Previous test stubbed ethCall as a fast non-blocking function and asserted callCount >= 1 — which a broken impl that fires one ethCall per caller also satisfies. The test passed against any implementation. Block the stub on a TMVar gate so the leader's eth_call cannot return before the 7 waiters race to register at the inflight TMap. Fire 8 concurrent resolveName calls in a background async, sleep 50 ms to let the waiters attach, then release the gate. Assert callCount == 1 — only the leader hit the RPC. Now the test genuinely fails if coalescing breaks.
decodeWord256Int64 rejected values with any non-zero byte in the high 24 bytes, but accepted values 2^63 .. 2^64-1 in the low 8 bytes — those silently decode to *negative* Int64 because the Int64 type is signed. Downstream length math (decodeString len, decodeStringArray cnt) sees the negative value, compares len > cap as False, off + 32 + len as not-overflowing, then B.take clamps negatives to 0 and returns empty bytes instead of failing. A malicious or buggy SNRC contract could null out string and array fields with no AbiOversized / AbiTruncated signal. Add the sign-bit check on byte (off + 24). Both invariants are now necessary and together sufficient for a safe Int64 cast. Add tests covering the sign-bit case and the max representable positive value (Int64.maxBound = 0x7FFF...FFFF).
Infura-style endpoints like https://mainnet.infura.io/v3/<API_KEY> embed the secret in the URL path. They were accepted by the previous validator (path wasn't checked), and the startup logInfo line scrubbed only userinfo — not path — so the API key would land in journald. Reject any path beyond / at config time. Operators with a path-style endpoint must move the credential into rpc_auth (Basic or Bearer) instead. Loopback endpoints (http://127.0.0.1:8545) naturally have empty/"/" paths, so the same-host topology is unaffected. Also flips the URL leak vector promised to be defended-against when scrubUrl was wired into the startup log.
- CHANGELOG bullet 6 referenced allow_dangerous_colocation which was dropped in 7f94f49, and the hard refusal was demoted to a warning in f9269be. Rewrite the bullet to match current behaviour. - The [NAMES] INI template's snrc_address example was the zero address.
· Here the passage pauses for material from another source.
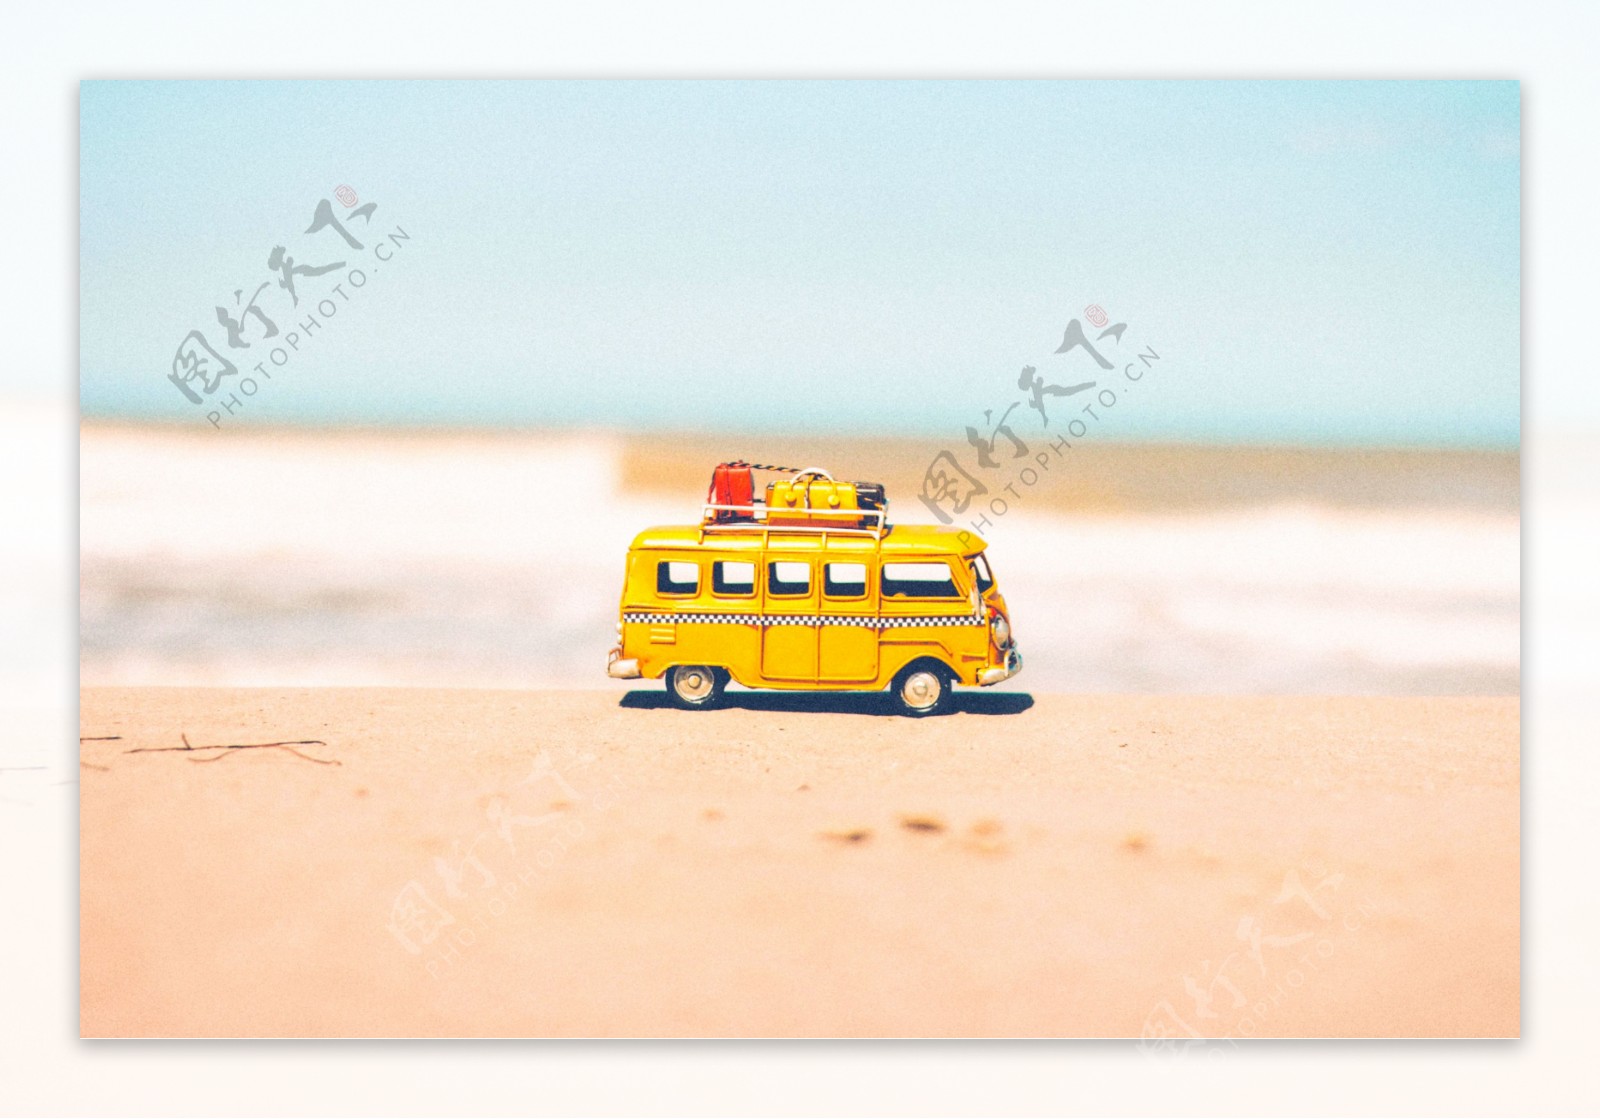 海边沙滩玩具车微景观

An operator uncommenting it verbatim would have a syntactically valid config that eth_calls to 0x0, gets zero bytes back, hits the zero-owner sentinel, and silently AUTHs every RSLV. Replace with "0x<paste-your-contract-address>" so an unsubstituted copy fails hex parsing at startup. - Add an INI comment explaining cache_max_entries / cache_max_bytes interaction — whichever fills first triggers eviction.
Previously fetchOnce returned Left NotFound and coalesce skipped cache insertion for any Left, so every RSLV for a non-existent name hit eth_call. An adversary holding a proxy connection could spam unique non-existent names to keep rpcMaxConcurrency saturated indefinitely. Cache NotFound results with a shorter TTL (30s, bounded by cacheSeconds) so newly-registered names become visible quickly while still absorbing unique-name bursts. CacheEntry now carries ceResult :: Maybe NameRecord (Nothing = NotFound) and ceTtlNs per-entry so positive and negative results expire on different schedules. Transient errors (HTTP / decode / timeout) still bypass the cache so a flapping endpoint doesn't durably poison entries. Add a regression test: two sequential NotFound lookups must produce exactly one ethCall (hit + miss counters confirm).
nrExpiry was parsed and bounds-checked at the wire layer but never compared against current time. A pre-upgrade or buggy SNRC contract that returns expired records unmodified would have its data cached and served to clients. In fetchOnce, after a successful ABI decode, compare nrExpiry to the current POSIX time. If nrExpiry > 0 and < now, treat the record as NotFound (now also cache-friendly per the previous fix). nrExpiry == 0 is the sentinel for "never expires" (reserved names); unaffected. This is defense in depth — the contract is expected to filter expired records itself by returning the zero-owner sentinel — but the smp-server also enforces, so a stale contract doesn't poison the user experience.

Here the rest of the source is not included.